TUSAŞ ve BAE Systems arasında imzalanan mutabakat zaptının ilerleyen devirde BAYKAR ve LEONARDO ortasındaki üzere bir iş birliğine dönüşme potansiyeline de sahip olduğuna dikkat çeken Erkan, “Bu şekil bir gelişmenin de yaşandığını görebiliriz. Fakat LEONARDO, İtalyanların ruhu gereği heyecanlı ve süratli çalışabilen bir şirket. İngilizler bu noktada biraz daha yavaş çalışırlar. Yani çalışma prensipleri gereği daha sakin ve yavaş ilerleyen bir iş birliği görebiliriz fakat sonuç prestijiyle bu hoş bir noktaya çıkar. Avrupa’daki gelişmiş ülkeler bizden eser almıyordu. Lakin şu an biz bu cins iş birlikleri yaparak elimizdeki sistemlerle Avrupa’yı kuşatıyoruz” diye konuştu.

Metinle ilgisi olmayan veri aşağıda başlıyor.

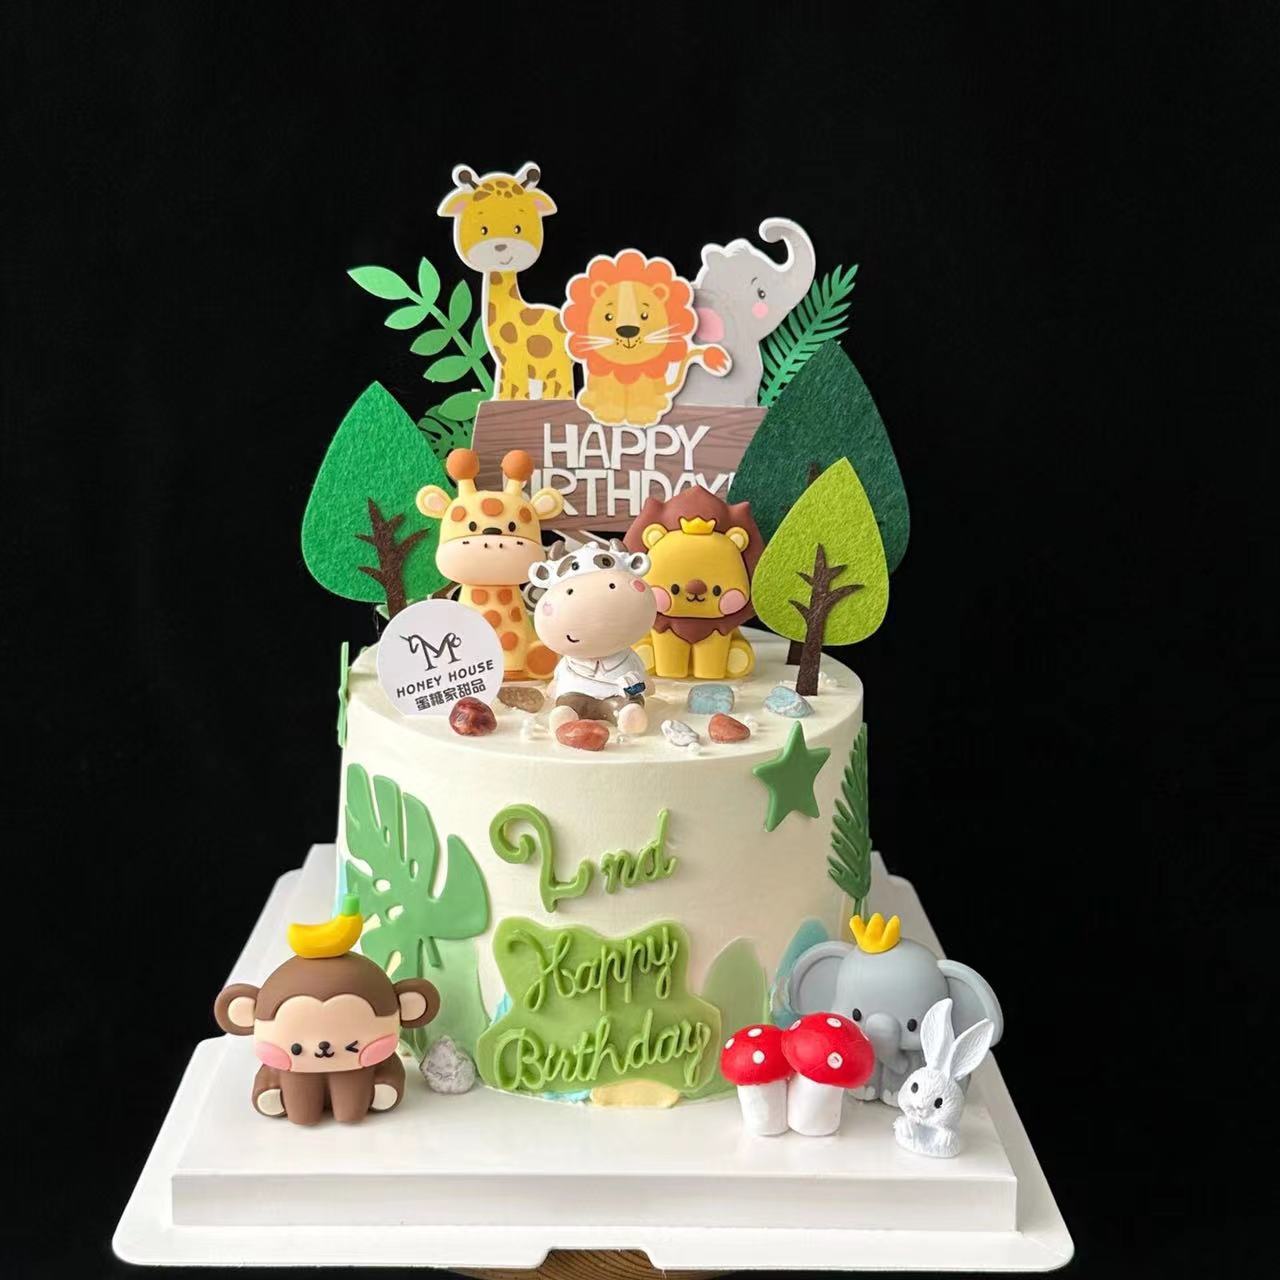 网红森系动物园蛋糕装饰可爱老虎狮子小象猴子小动物生日烘焙摆件
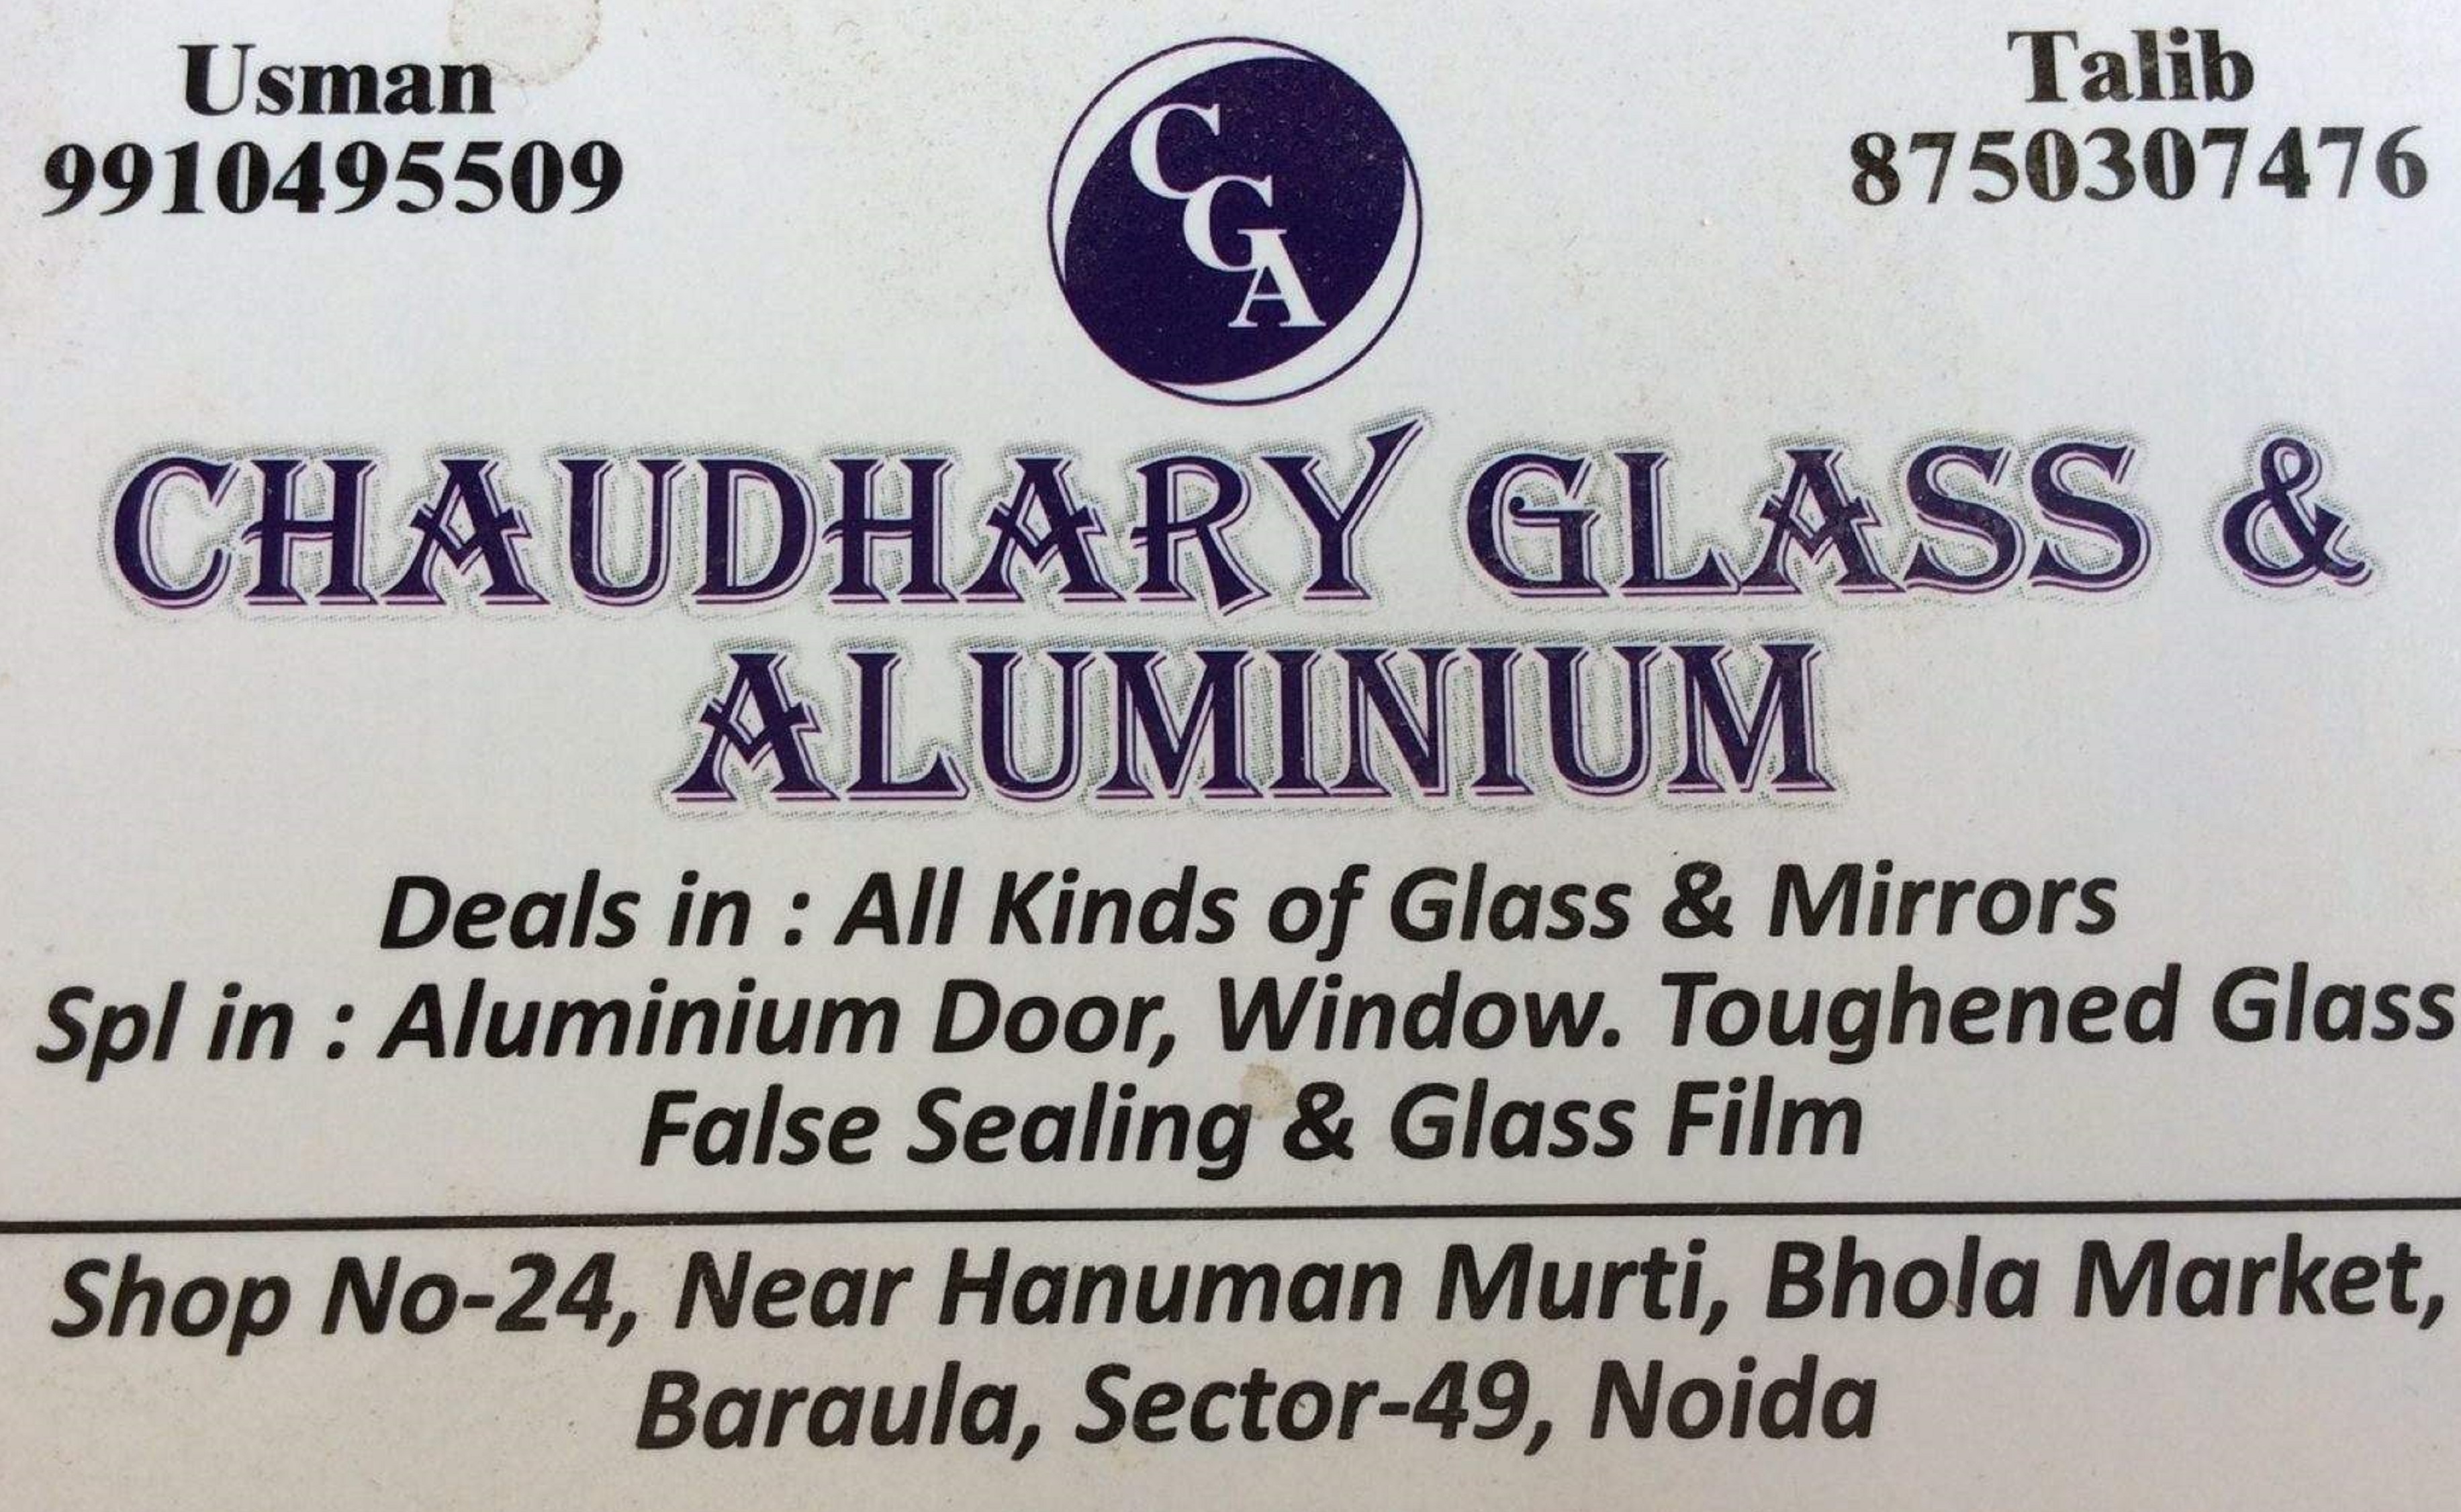 CHAUDHARY GLASS & ALUMINIUM

‘İNGİLTERE ÇOK DAHA GÜZEL BİR REFERANS’
İngiltere’ye yapılacak bir İHA satışının TUSAŞ için de çok güzel bir referans olacağını vurgulayan Kozan Selçuk Erkan, “Ürettiğiniz bir sistemin İngiltere tarafından satın alınması size olan inancı artırır. Sizden emsal sistemler satın almak isteyen ülkelerin aklındaki soru işaretleri büyük oranda ortadan kalkar. Şu anda İsrail firmalarından alım yapan ülkelerde bu istikamette birtakım soru işaretleri olabiliyor. Zira çok sık arıza yapıyorlar ve arıza yaptıklarında İsrail’e gitmeleri gerekiyor. Bu da sistemlerin uzun mühlet hizmetten çekilmesi gerektiği manasına geliyor. Lakin İngiltere merkezli bilinen bir şirket olan BAE Systems ile TUSAŞ ortasında yapılan bu usul bir muahede size olan inancı daha da sağlamlaştırır. Biz şu anda baktığımızda aslında insansız hava aracı değil, insansız uçak yapıyoruz. ANKA-3 tarif prestijiyle insansız bir derin darbe uçağı. Siz bunu BAE Systems üzerinden satmayı başarırsanız tüm dünyaya da satabilirsiniz. İngiltere, İspanya ve İtalya’ya oranla bu manada bakarsak çok daha düzgün ve sağlam bir referanstır” yorumunu yaptı.

ANKA 3
Mevcut mutabakat zaptının ilerleyen devirde beşerli sistemler üzerinde yapılacak bir iş birliğine de evrilebileceğine dikkat çeken Erkan, “TUSAŞ şu anda İngiltere’ye HÜRJET satabilmek ismine önemli bir çalışma yürütüyor. Yani bu açıdan bakacak olursak mevcut imzalanan mutabakat, insansız sistemler üzerinden başlayıp çok rahat biçimde beşerli sistemleri kapsayacak bir duruma da dönebilir” diyerek geleceğe yönelik varsayımlarını sıraladı. Bu türlü bir senaryoda Ulusal Muharip Uçak projesi kapsamında geliştirilen KAAN’ın da olumlu biçimde etkileneceğini düşündüğünü söyleyen Erkan, “KAAN projesinin başında motor geliştirme uğraşlarının bir modülü olarak aslında İngiltere’yle yapılan kimi çalışmalar olmuştu. Mevcut mutabakatın ilerleyen periyotta beşerli sistemleri de içine aldığı bir senaryoda bu stil sıkıntılarda dirsek teması kurmak çok daha kolay hale gelecektir. Yani İngiltere ve Türkiye’nin savunma teknolojileri bazında yapacağı çalışmalar daha kolay işletilebilir hale gelecektir. Türkiye onlar için telaş edilmeyecek bir ortak olur” diye de ekledi.
“EUROFIGHTER alımının netleşmesinin akabinde Türkiye esasen telaş edecekleri bir ortak olmaktan da çıkmıştı fakat bu durum mevcut mutabakatın gelişip şekillenmesiyle daha sağlam bir hal alacaktır. Yeniden tahminen de Türkiye’nin ilerleyen bir vakitte İngiltere’nin İtalya ve Japonya iş birliğiyle geliştirdiği altıncı jenerasyon uçak programı Tempest programına katıldığını da görebiliriz. Birebir uçağın ya ortak üretimi ya da birbirinden türetilmiş uçaklar olarak görebileceğimiz ihtimallerden bahsedebiliriz.” – Savunma ve Denizcilik Araştırmacısı Kozan Selçuk Erkan
‘EUROFIGHTER İŞ BİRLİĞİNİ DE OLUMLU ETKİLER’
İki ülke ortasındaki artan iş birliğinin Türkiye’nin EUROFIGHTER tedariğini de olumlu etkileyeceğini lisana getiren Erkan, “İngiltere elindeki üretim çizgisinin kapanmaması için bu uçağı satmaya gereksinim duyuyor. Bizim de bu uçağa kendi mühimmatlarımızı entegre etmeye muhtaçlığımız var. İş birliğinin arttığı bir durumda bu noktada gerekli müsaadeler çok daha rahat bir halde alınacaktır” diyerek kelamlarını noktaladı.